Segment Start: Material provided

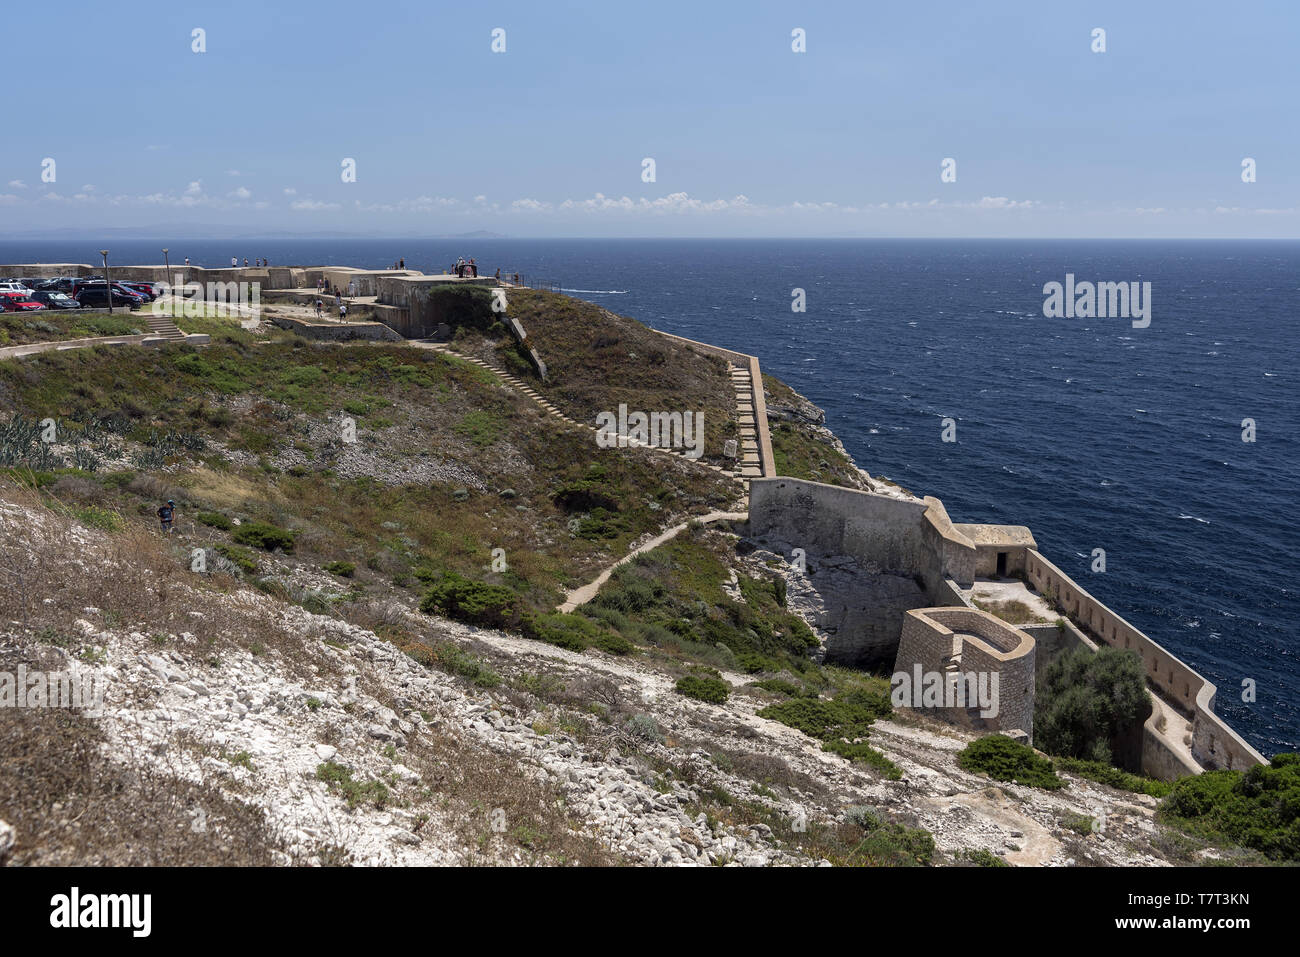 Coastal fortifications on the hill in Bonifacio. Küstenbefestigungen auf dem Hügel in Bonifacio. Nadmorskie fortyfikacje obronne na wzgórzu. - Stock Image
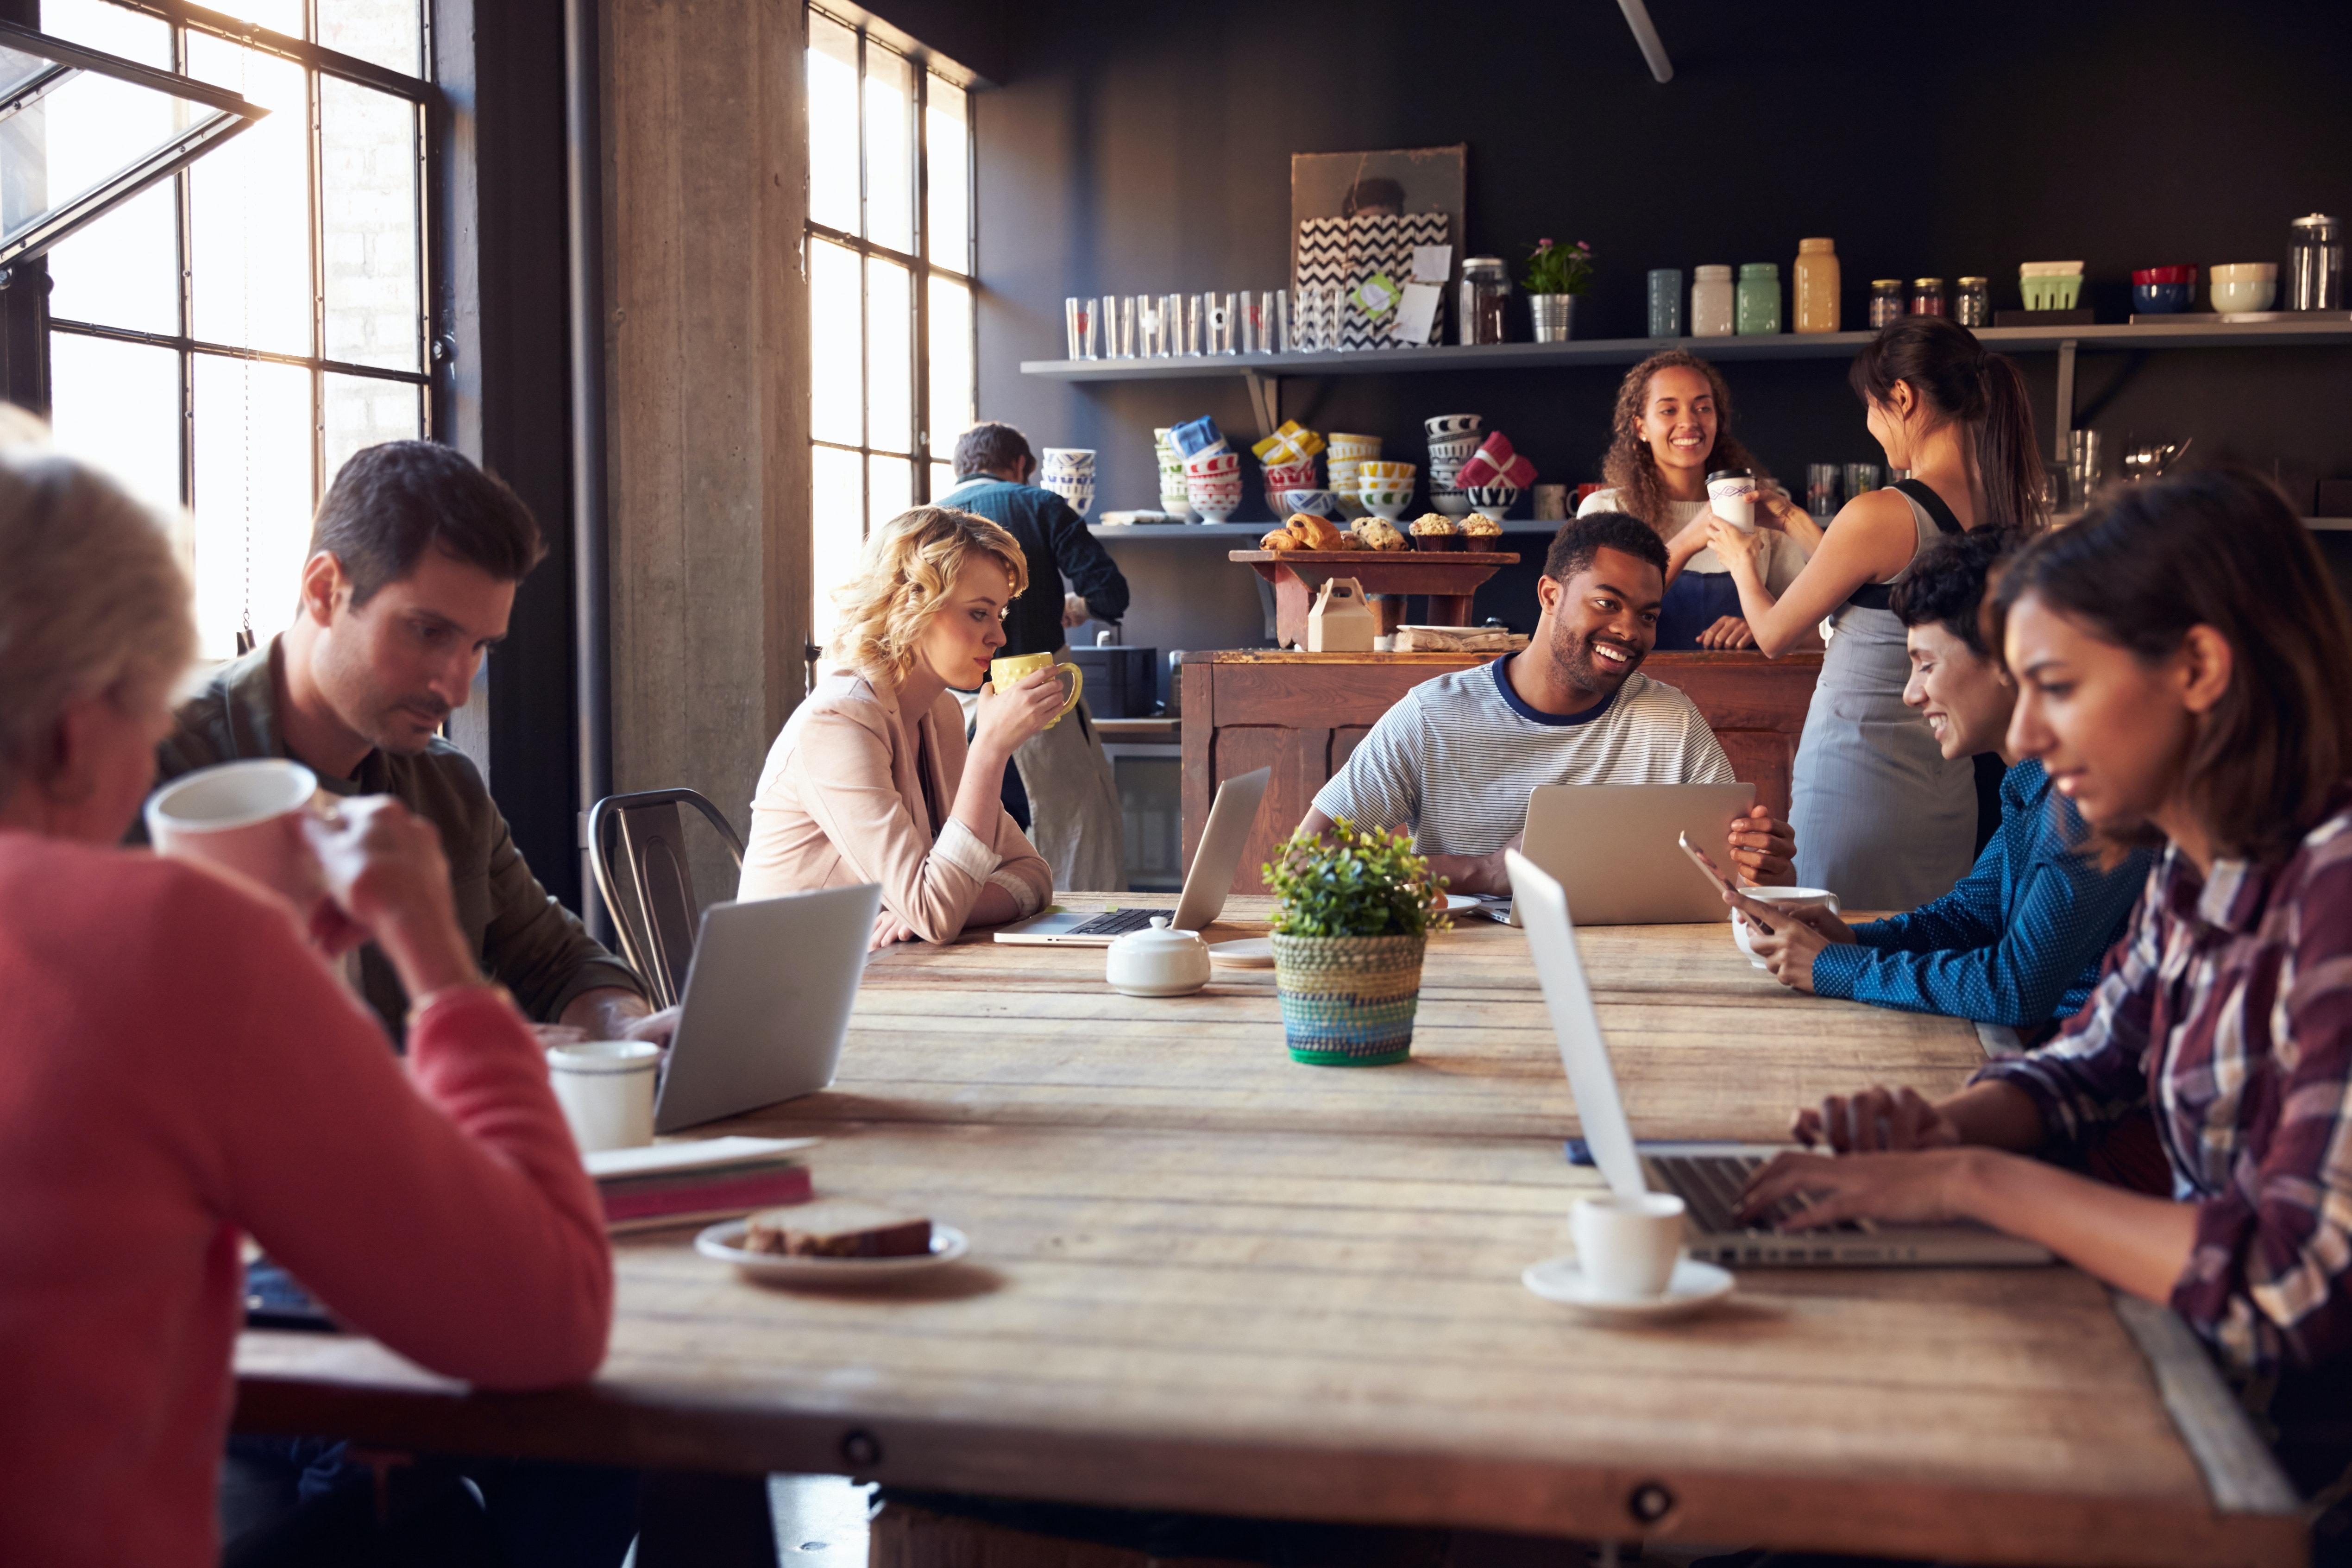 People in coffee shop using broadband
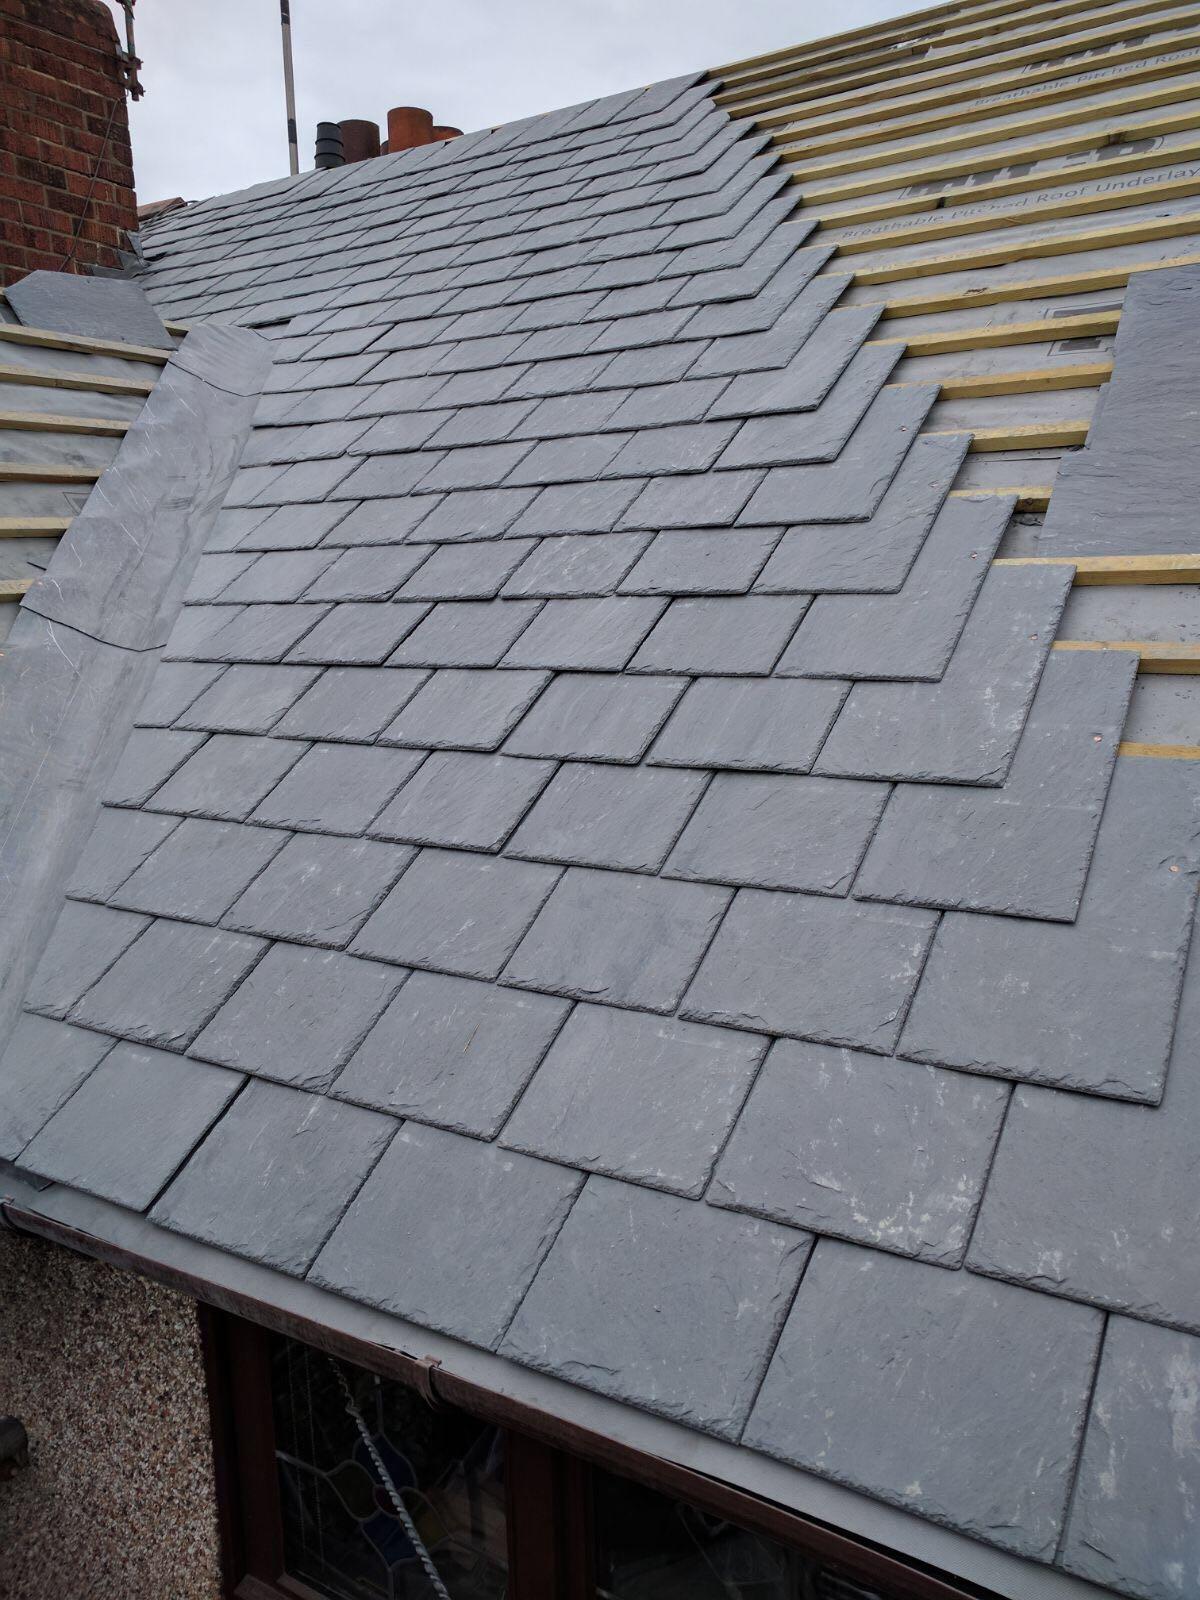 Main photo for Birmingham Roofing Ltd

Segment End: Material provided

= What is being asked =
Could you set down the material above word for word while dropping its pictures?

= Exercise answer =
 Coastal fortifications on the hill in Bonifacio. Küstenbefestigungen auf dem Hügel in Bonifacio. Nadmorskie fortyfikacje obronne na wzgórzu. - Stock Image
 People in coffee shop using broadband
 Main photo for Birmingham Roofing Ltd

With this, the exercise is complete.